Get a bottle and settle in for Sunday’s premiere or Monday’s regular timeslot debut (10 p.m.): Whenever tough-chick New York homicide detective Sara Pezzini (Butler) furrows her eyebrow(s) with Muppet-like ferocity, take a shot. Whenever mysterious evil billionaire and must-possess-the-Witchblade obsessive Kenneth Irons (Anthony Cistaro) slips from one indiscernible lisp of an accent to another, take a shot. Whenever Pezzini battles baddies as strobe lights and bad techno kick in, take a shot. Whenever Krispy Kreme receives a blatant product-placement plug, take a shot (careful, these add up). Whenever Irons’ henchman Ian Nottingham (Eric Etebari) skulks in the darkness while spouting off like a runner-up from The Matrix Poetry Slam, take two shots. Whenever Pezzini’s NYPD partners Danny Woo (Will Yun Lee) and Jake McCartey (David Chokachi) appear onscreen together and aren’t mistaken for a gay Long Island hairdresser couple, take three shots. Whenever Pezzini’s “winter” cop ensemble actually covers her midriff in any given scene, finish the bottle.
When you think about it, Witchblade’s tipsy plunge from cool 2000 sci-fi action flick to uneven 2001 summer series to whatever the hell’s going on in 2002 might actually point to drinking problems elsewhere on the crew—has anyone given the writers a Breathalyzer test?
For newbies, the Witchblade is a symbiotic weapon, a bladed gauntlet with “the power to battle the evil that has plagued the world for centuries,” and Pez is this era’s “chosen one.” Unlike the comic book’s chrome-bikinied superheroine, the TV Pezzini kicks villain ass in jeans, a leather jacket and the aforementioned midriff. You don’t even know how much the comic’s original geekstas hate that.
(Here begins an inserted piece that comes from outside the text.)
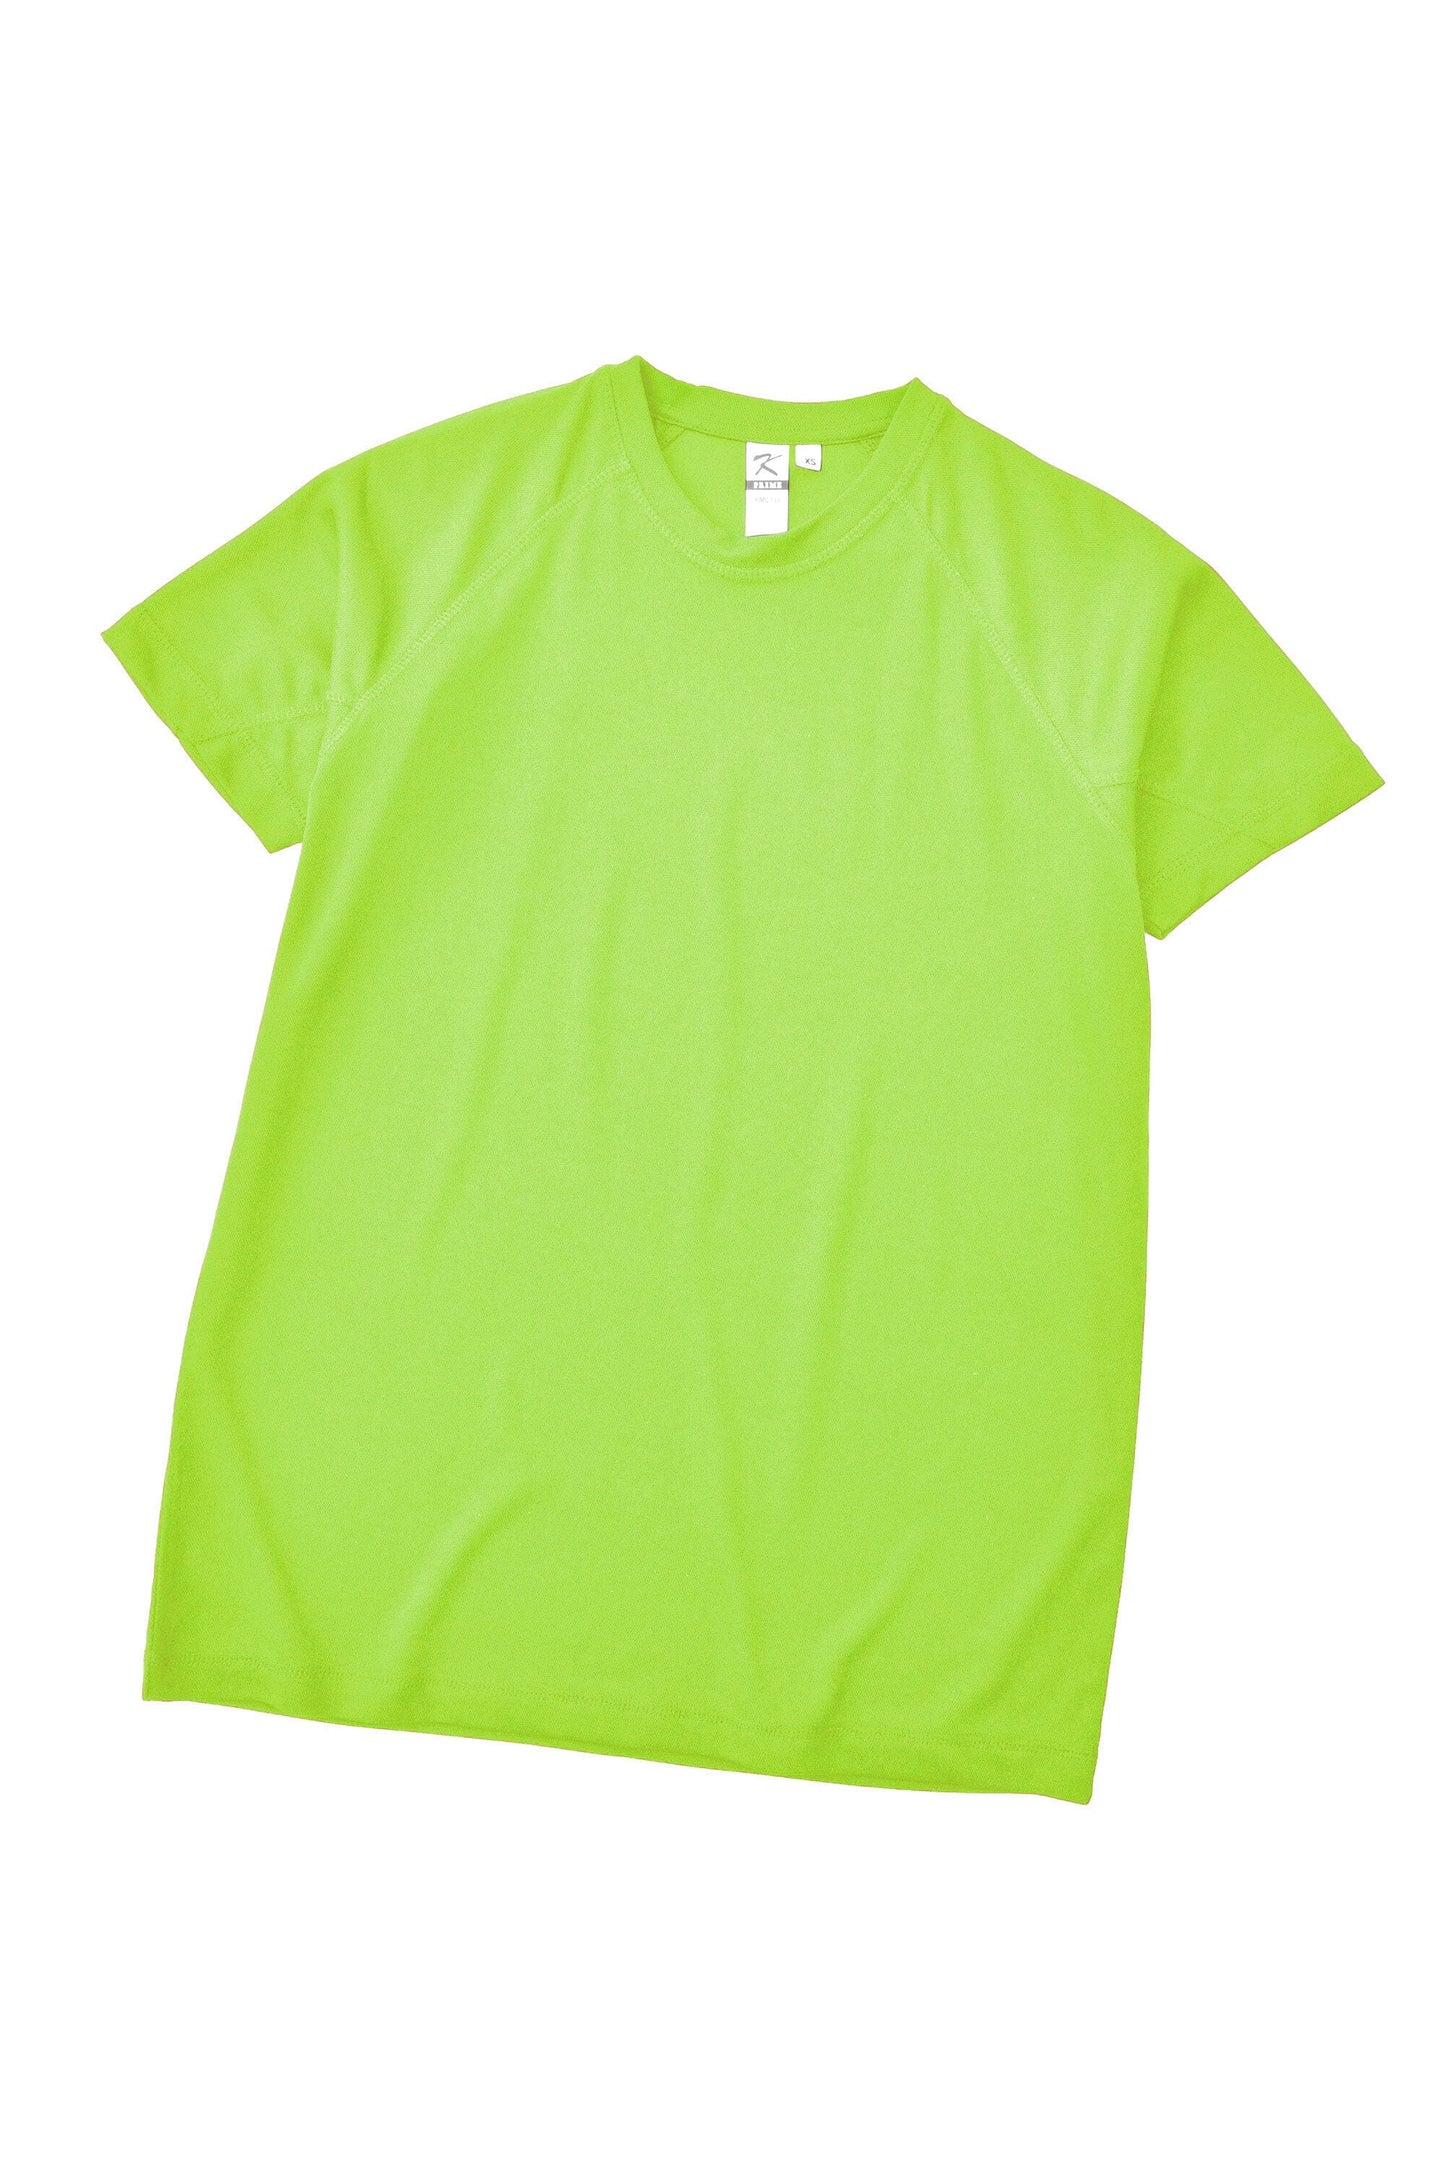 K Prime Kid's Reglan Sleeve Solid Design Minor Fault Tee Shirt

Last summer, Irons tried in vain to grab the Witchblade and/or convert Pezzini to the Dark Side, Woo dropped Zen advice as a ghost (he was killed off in the pilot movie) and, by the end of the increasingly incoherent (intoxicated?) season, most everyone she knew was dead. But in true comic book cop-out style, Pez figured out that the Witchblade had a cosmic reset button and rewound time back to the saga’s beginning, bringing back her pals, (mostly) erasing her own memory and zeroing-out her bar tabs all over town in the process. Out of 35 million Witchblade viewers last season, did anyone call bullshit on this? No. Does America need a few nights in the tank to dry out, too?
Beginning Sunday, Pezzini 2.0 will face evil anew (on the streets and in the supernatural), more humorless scripts (lone funny line: When asked who’d want to murder an Internet porn broker, a dancer replies, “the Christian Right, anyone from Utah”) and visions of the “future” (actually flashbacks now—follow?). Meanwhile, Butler faces the sobering possibility of being replaced on Witchblade if she doesn’t complete her insta-rehab in time to resume production. Guess that “chosen one” prophecy has a sauce clause.
Is anyone else imagining ex-Dark Angel Jessica Alba peeing in a cup while speed-dialing her agent?